-- Available data follows --

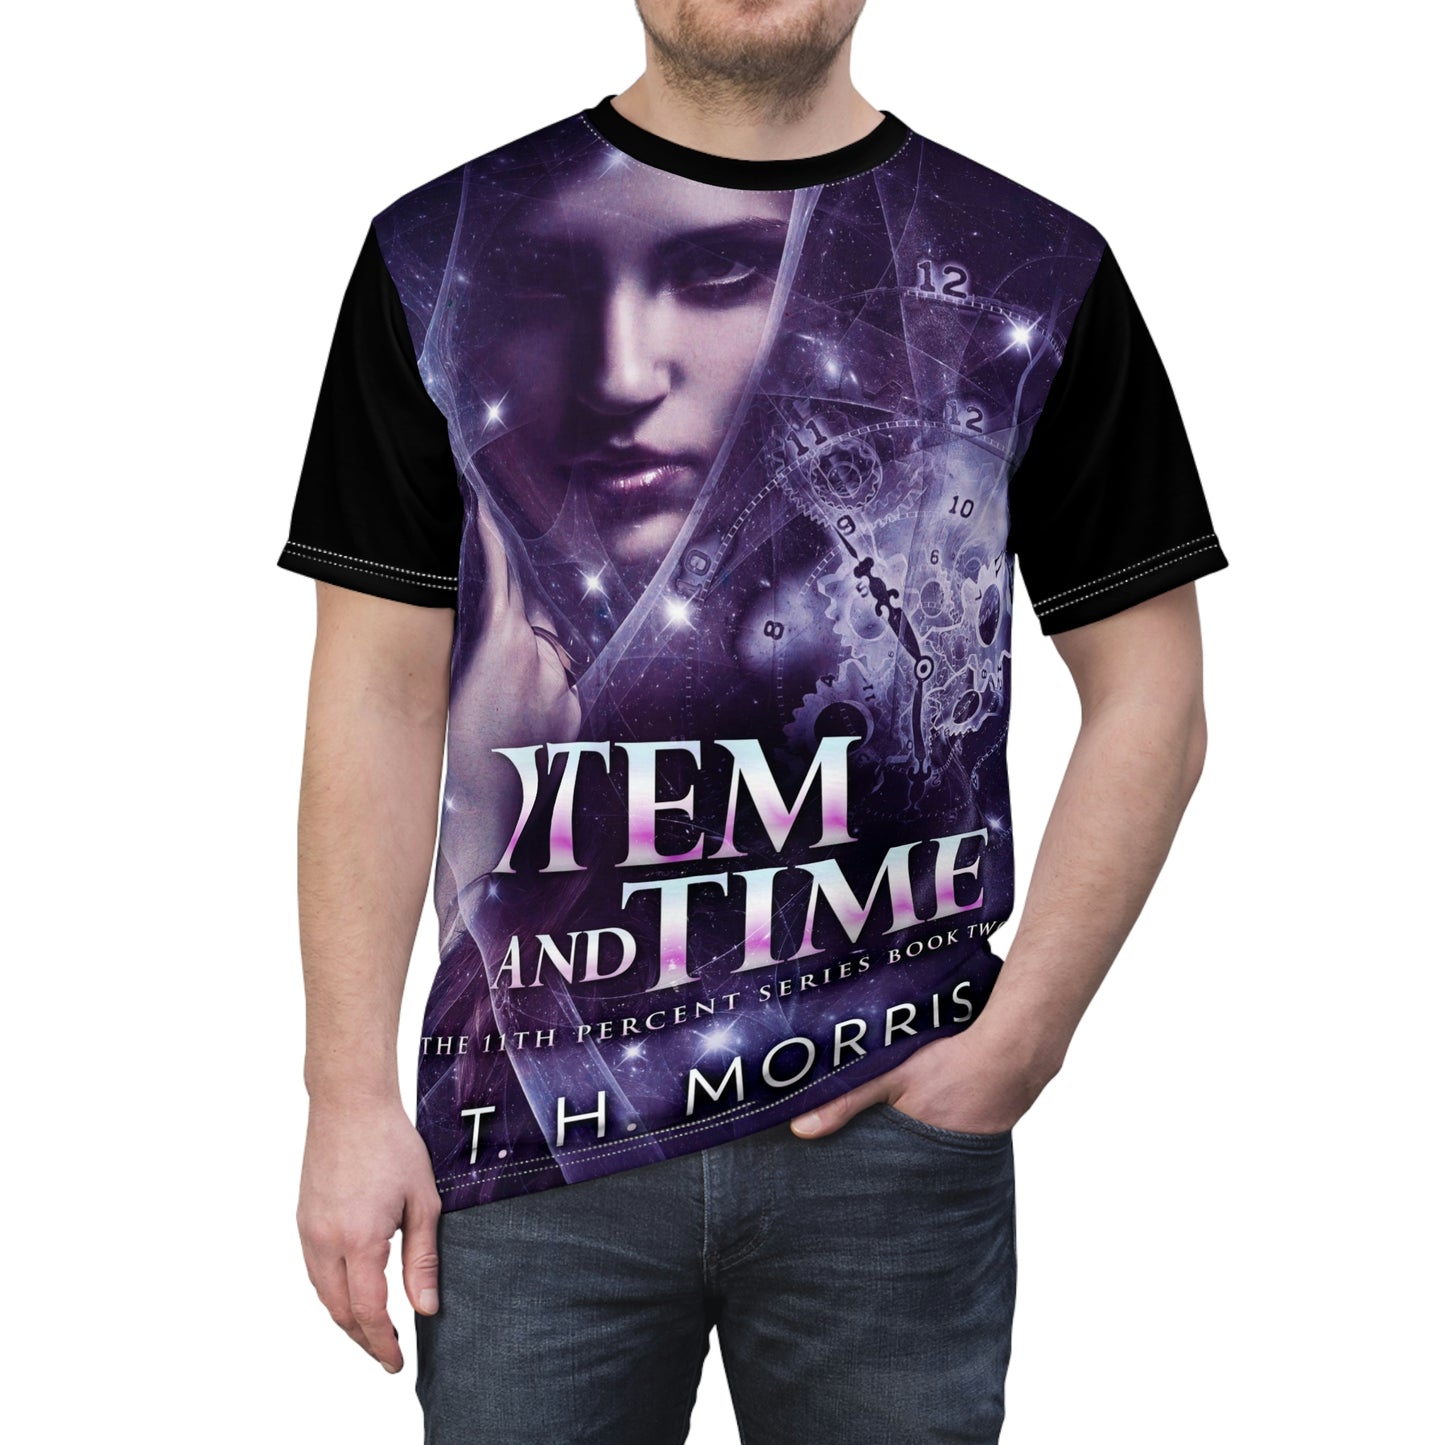 Item and Time - Unisex All-Over Print Cut & Sew T-Shirt
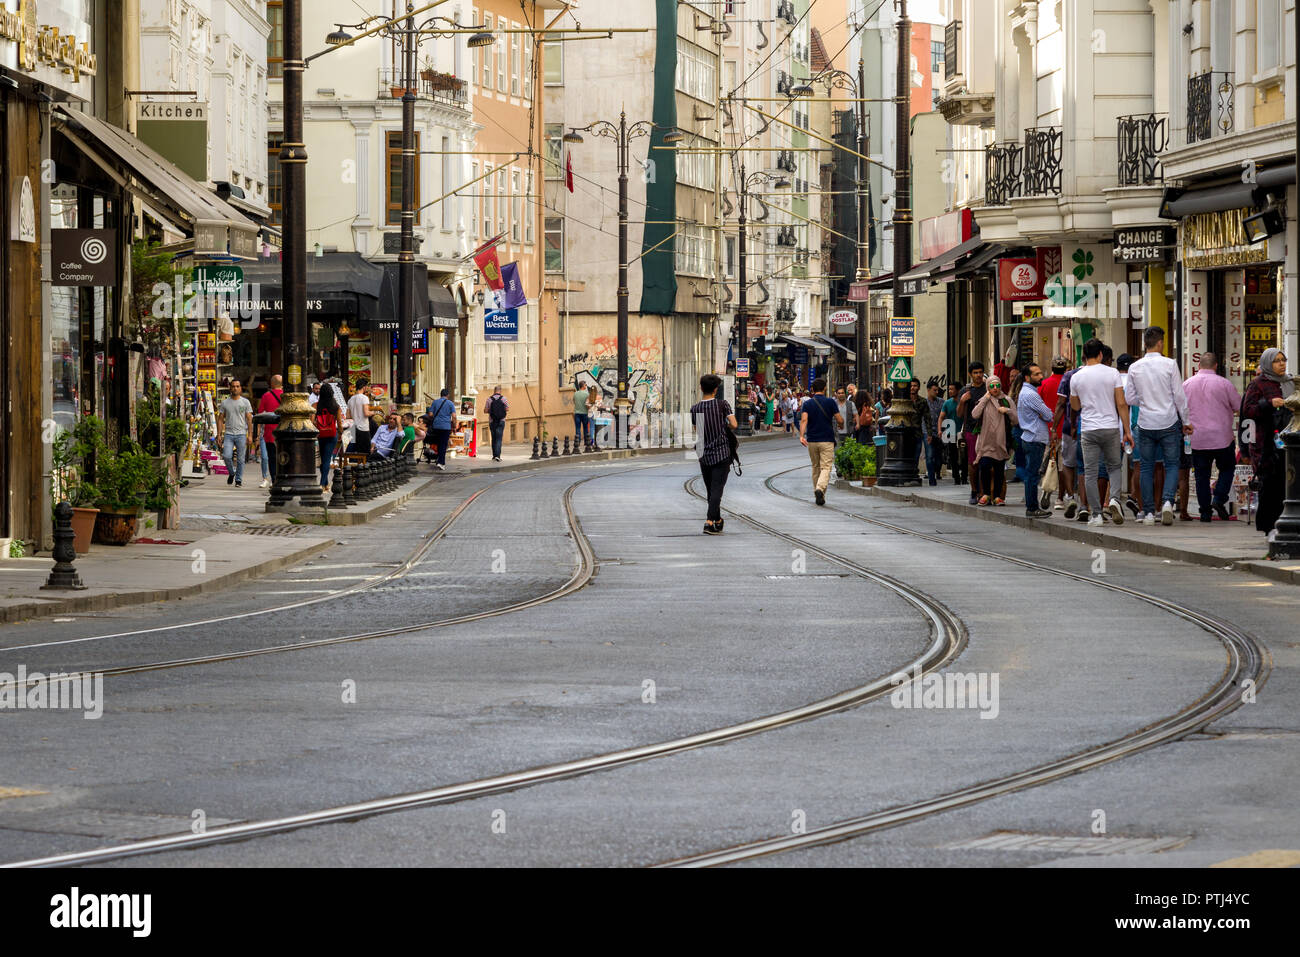 Hüdavendigar street with tram lines running along it as people walk on the pavement alongside, Istanbul, Turkey Stock Photo
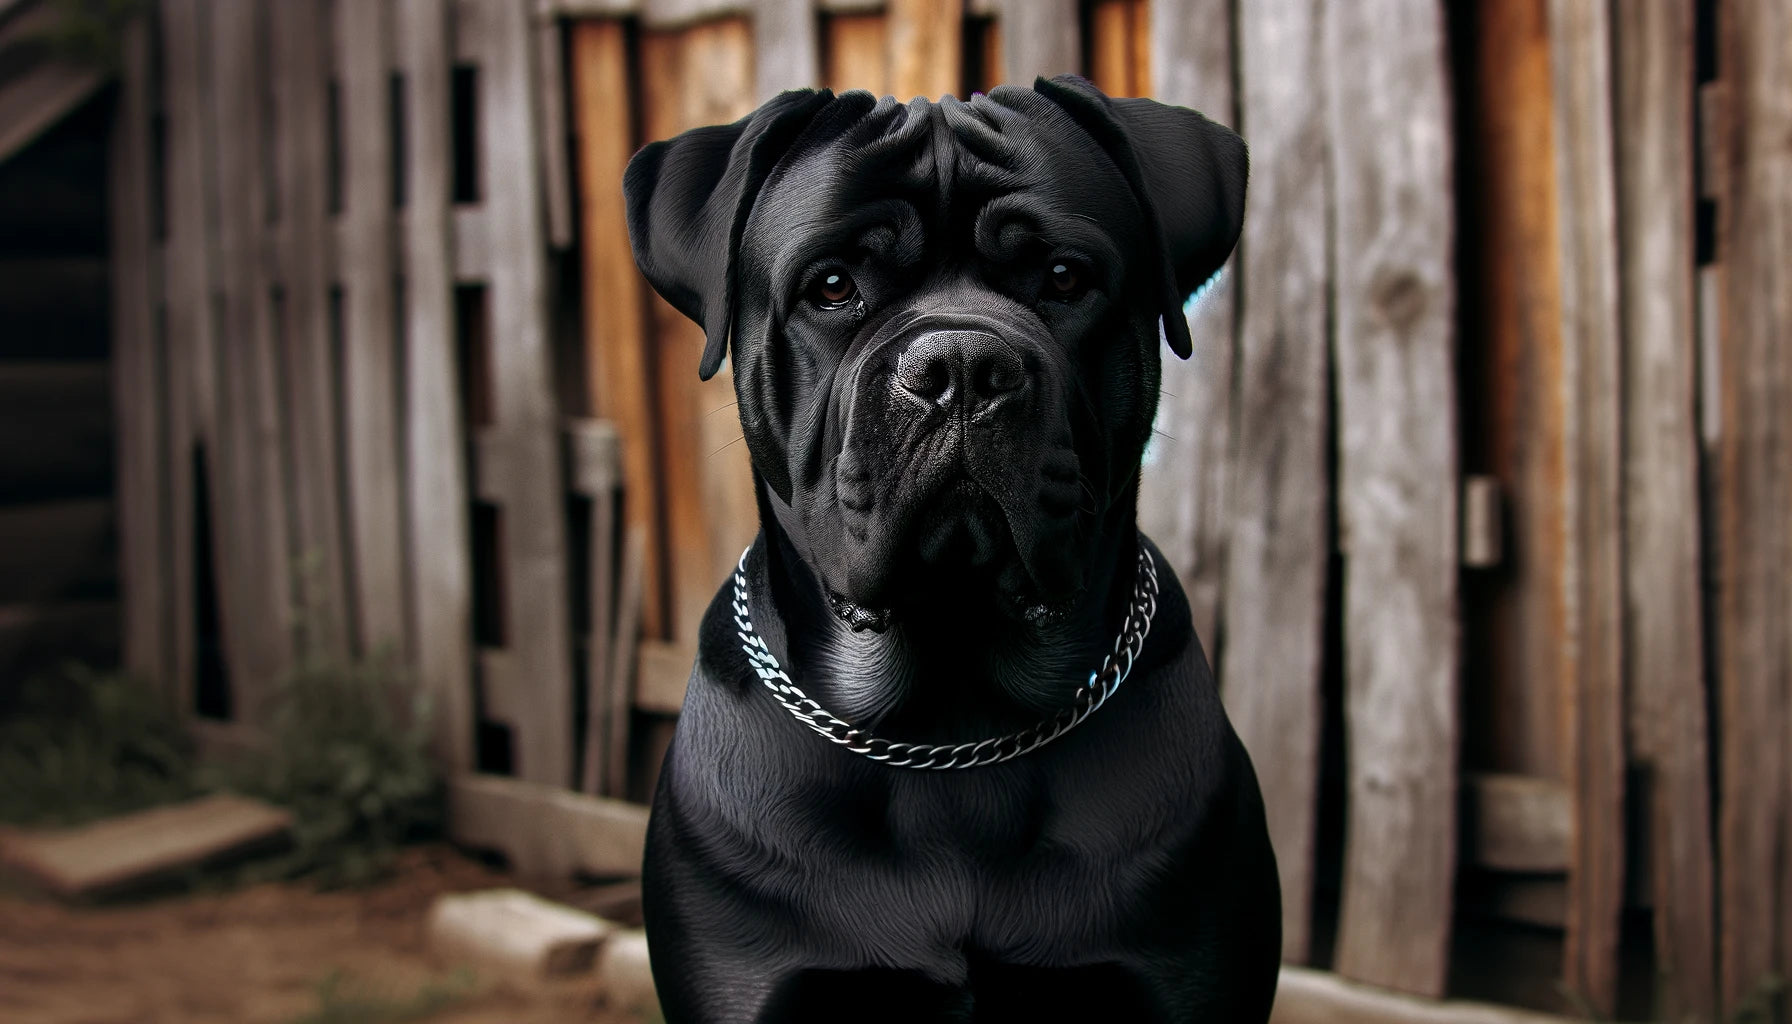 Full-body image of a black Cane Corso dog sitting upright in a wide frame
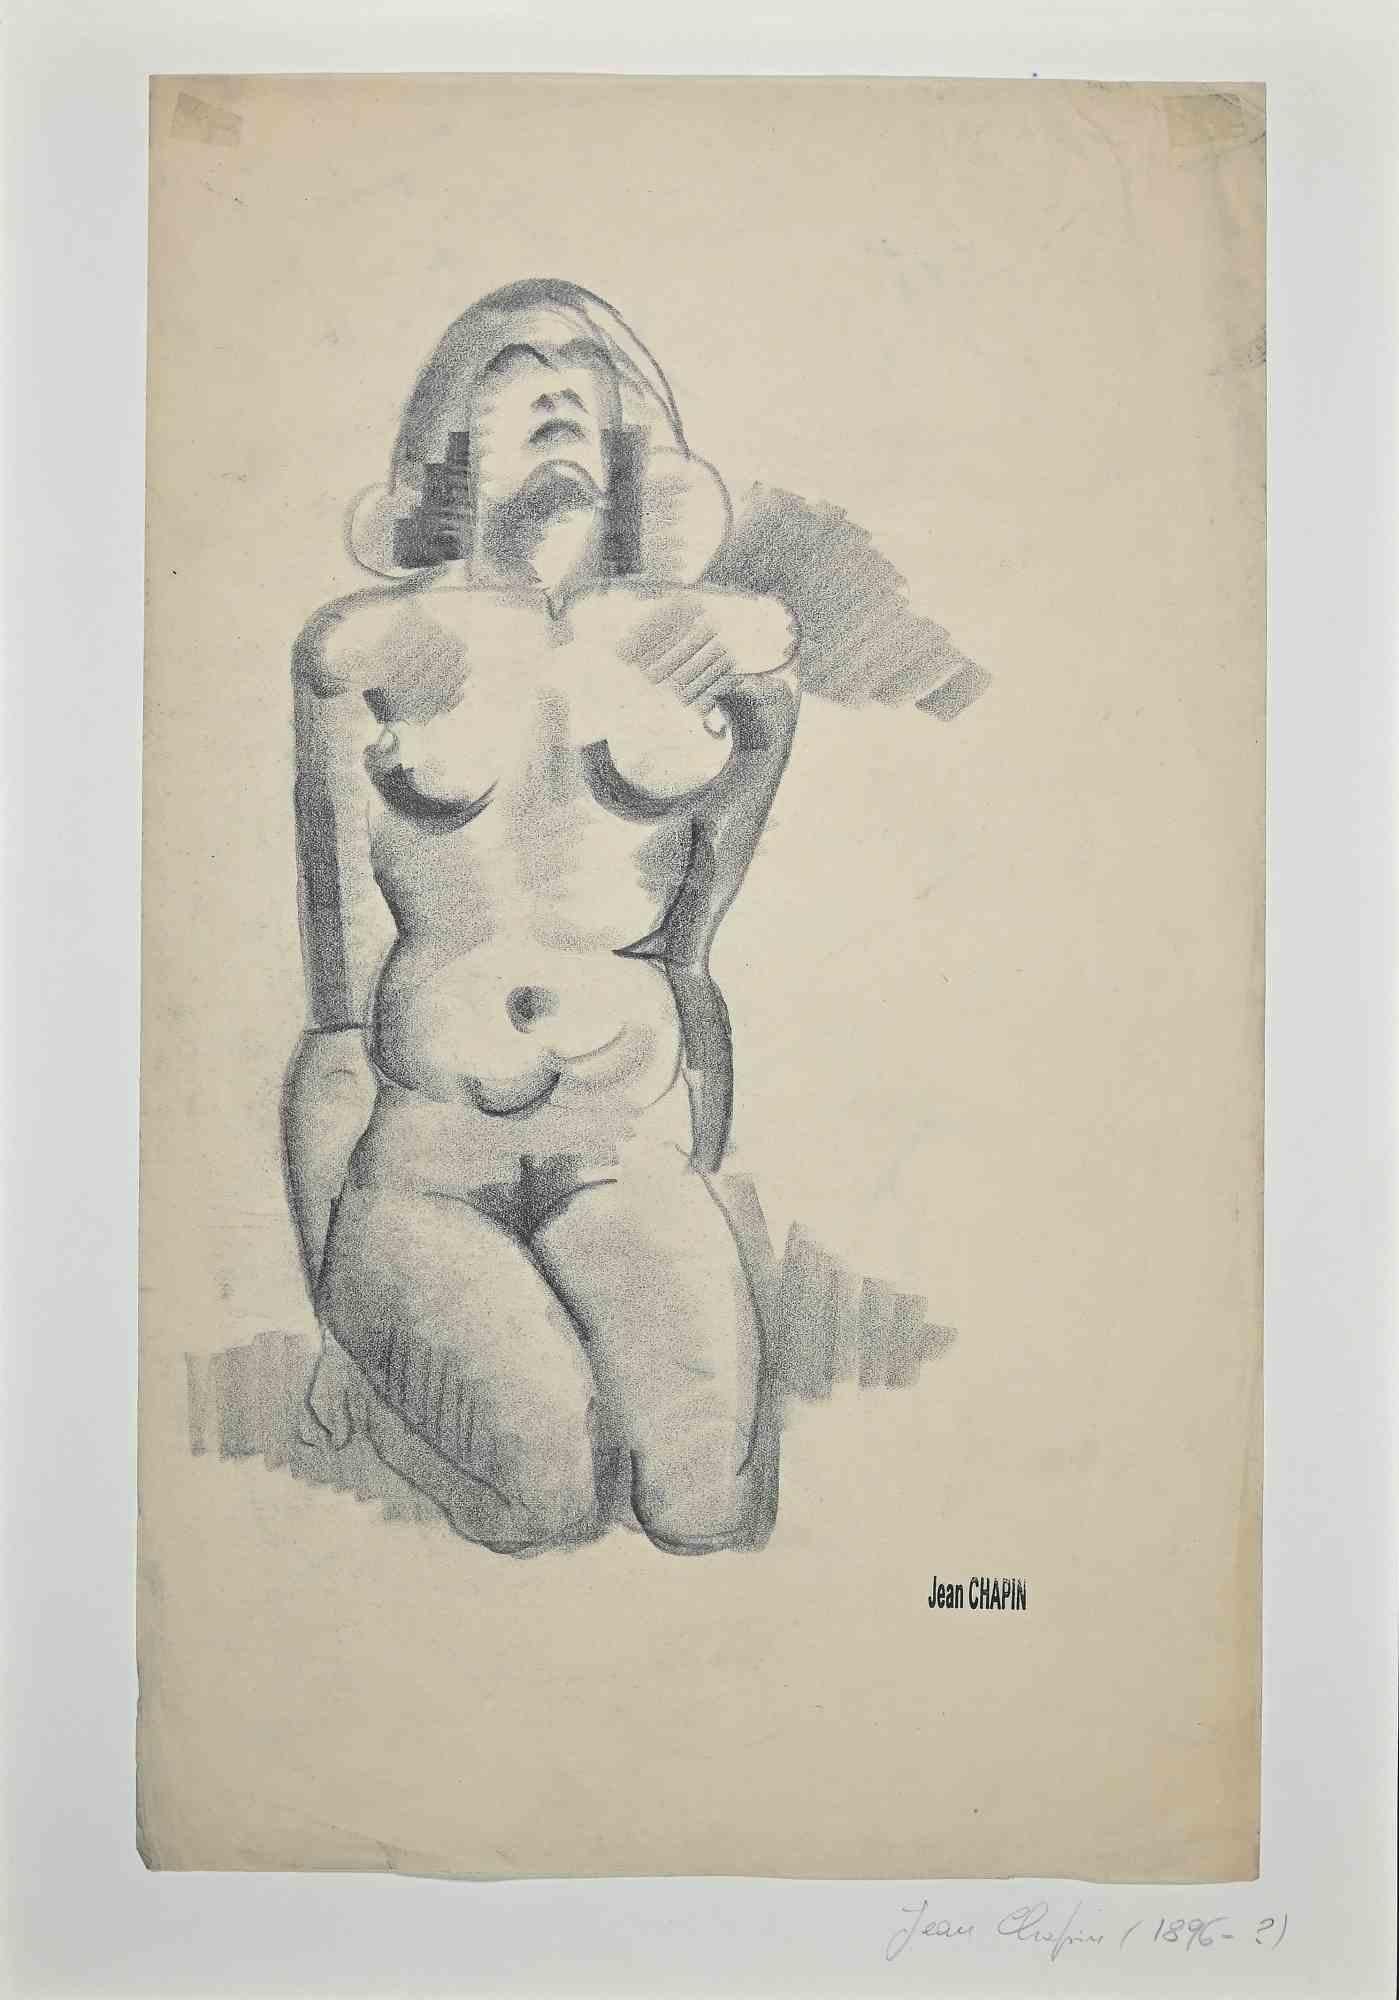 Nude of Woman is an original pencil drawing realized by Jean Chapin in 1930s.

Signature stamp on the yellowed paper, and pencil signature on the cardboard.

Good condition, except for some brown spots on the back.

Jean Chapin is a French painter

-- Available data concluded --

What is needed is a word-for-word repeat of every line from the line with "Nude of Woman" to the end of the entries above; leave out the pictures.

- _Response area_:
 Nude of Woman is an original pencil drawing realized by Jean Chapin in 1930s.

Signature stamp on the yellowed paper, and pencil signature on the cardboard.

Good condition, except for some brown spots on the back.

Jean Chapin is a French painter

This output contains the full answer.